No, Wong is not the guiding light — that would be the Minor v. Happersett case that is referenced in US v Wong in regards to natural born citizen.

Keeping in mind that the 14th Amendment was ratified in July 9, 1868, Minor v. Happersett had reference to all 3 of the Reconstruction Amendments when it was ruled upon in 1874. Here are some relevant portions mentioned in US v. Wong about Minor v Happersett:

The constitution nowhere defines the meaning of these words [natural-born citizen], either by way of inclusion or of exclusion, except in so far as this is done by the affirmative declaration that ‘all persons born or naturalized in the United States, and subject to the jurisdiction thereof, are citizens of the United States.’ Amend. art. 14. In this, as in other respects, it must be interpreted in the light of the common law, the principles and history of which were familiarly known to the framers of the constitution. Minor v. Happersett, 21 Wall. 162; Ex parte Wilson, 114 U. S. 417, 422, 5 Sup. Ct. 935; Boyd v. U. S., 116 U. S. 616, 624, 625, 6 Sup. Ct. 524; Smith v. Alabama, 124 U. S. 465, 8 Sup. Ct. 564. The language of the constitution, as has been well said, could not be understood without reference to the common law. 1 Kent, Comm. 336; Bradley, J., in Moore v. U. S., 91 U. S. 270, 274.

In Minor v. Happersett, Chief Justice Waite, when construing, in behalf of the court, the very provision of the fourteenth amendment now in question, said: ‘The constitution does not, in words, say who shall be natural-born citizens. Resort must be had elsewhere to ascertain that.’ And he proceeded to resort to the common law as an aid in the construction of this provision. 21 Wall. 167.

The interpretation of the constitution of the United States is necessarily influenced by the fact that its provisions are framed in the language of the English common law, and are to be read in the light of its history.’ 124 U. S. 478, 8 Sup. Ct. 569.

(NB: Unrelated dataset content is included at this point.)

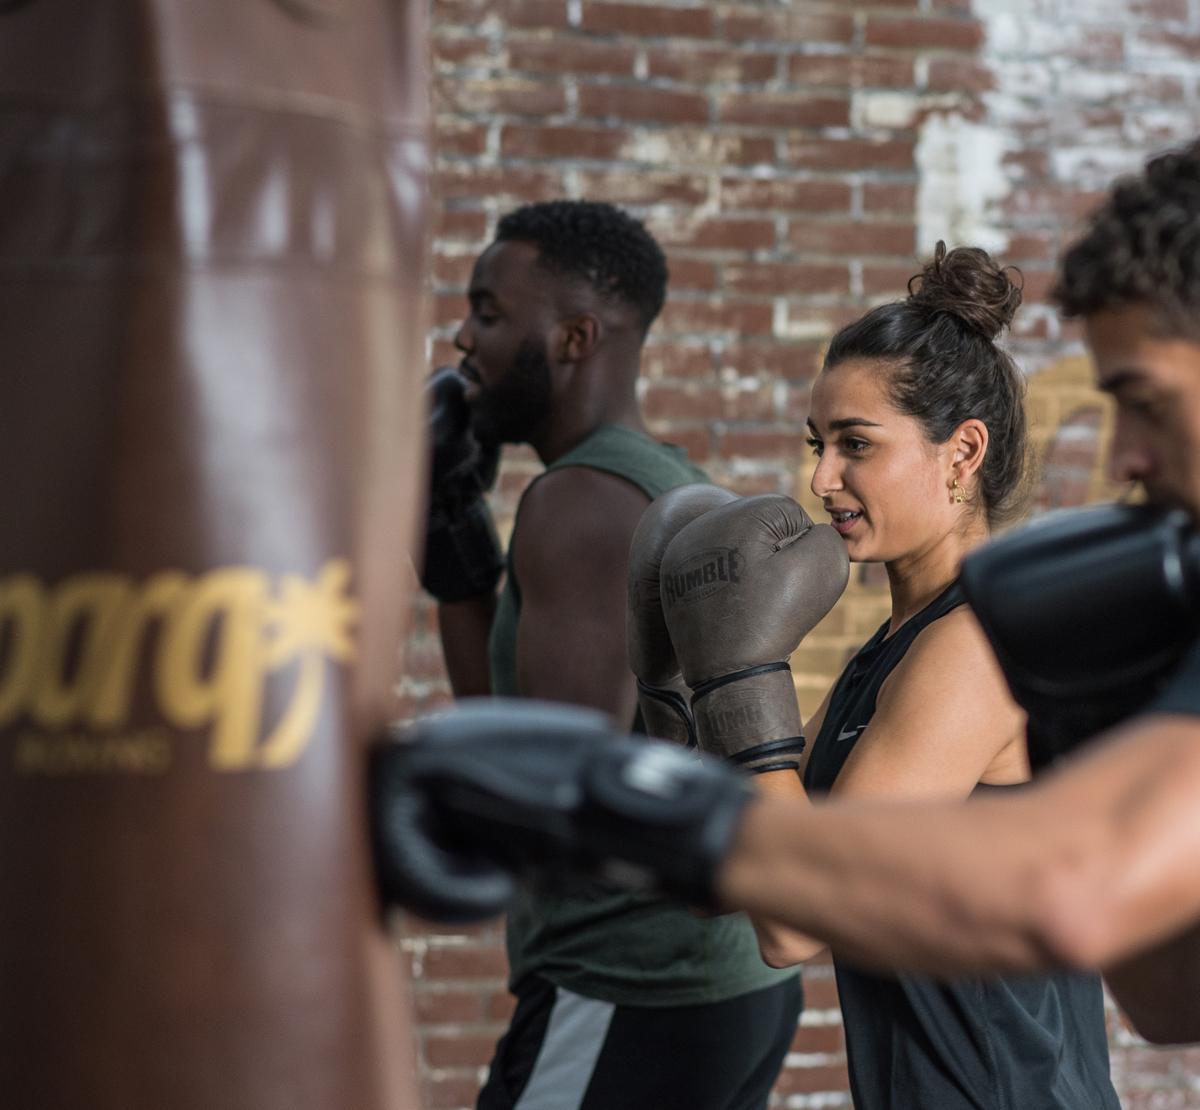 Workout Anytime wanted an app that met the needs of its digitally-savvy members / Photo: Shutterstock/Prostock-studio
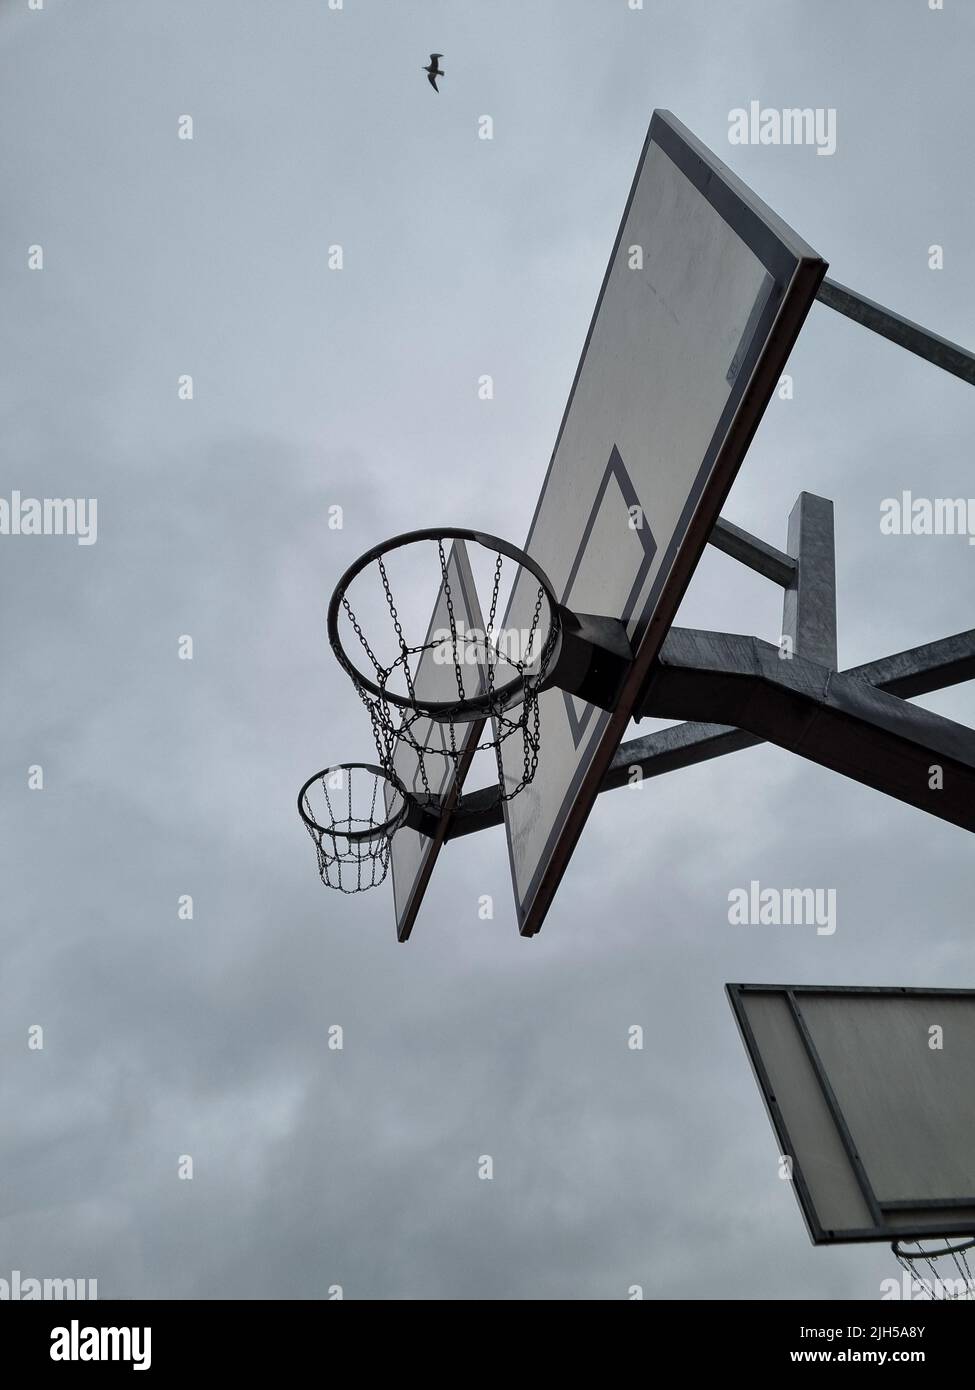 Outdoor basketball rings with chain nets at different levels. Street basketball hoop with a view from below. Street sport during overcast. Stock Photo

There are other cases that US v Wong references that are pre-14th Amendment that still carry the same tenor — and are accepted in US v Wing — as Minor v. Happersett:

In US v Rhodes (1866), Mr. Justice Swayne, sitting in the circuit court, said: ‘All persons born in the allegiance of the king are natural-born subjects, and all persons born in the allegiance of the United States are natural-born citizens. Birth and allegiance go together. Such is the rule of the common law, and it is the common law of this country, as well as of England.’ ‘We find no warrant for the opinion that this great principle of the common law has ever been changed in the United States. It has always obtained here with the same vigor, and subject only to the same exceptions, since as before the Revolution.’ 1 Abb. (U. S.) 28, 40, 41, Fed. Cas. No. 16,151.

‘The term ‘citizen,’ as understood in our law, is precisely analogous to the term ‘subject’ in the common law, and the change of phrase has entirely resulted from the change of government. The sovereignty has been transferred from the man to the collective body of the people; and he who before was a ‘subject of the king’ is now ‘a citizen of the state.” State v. Manuel (1838) 4 Dev. & b. 20, 24-26.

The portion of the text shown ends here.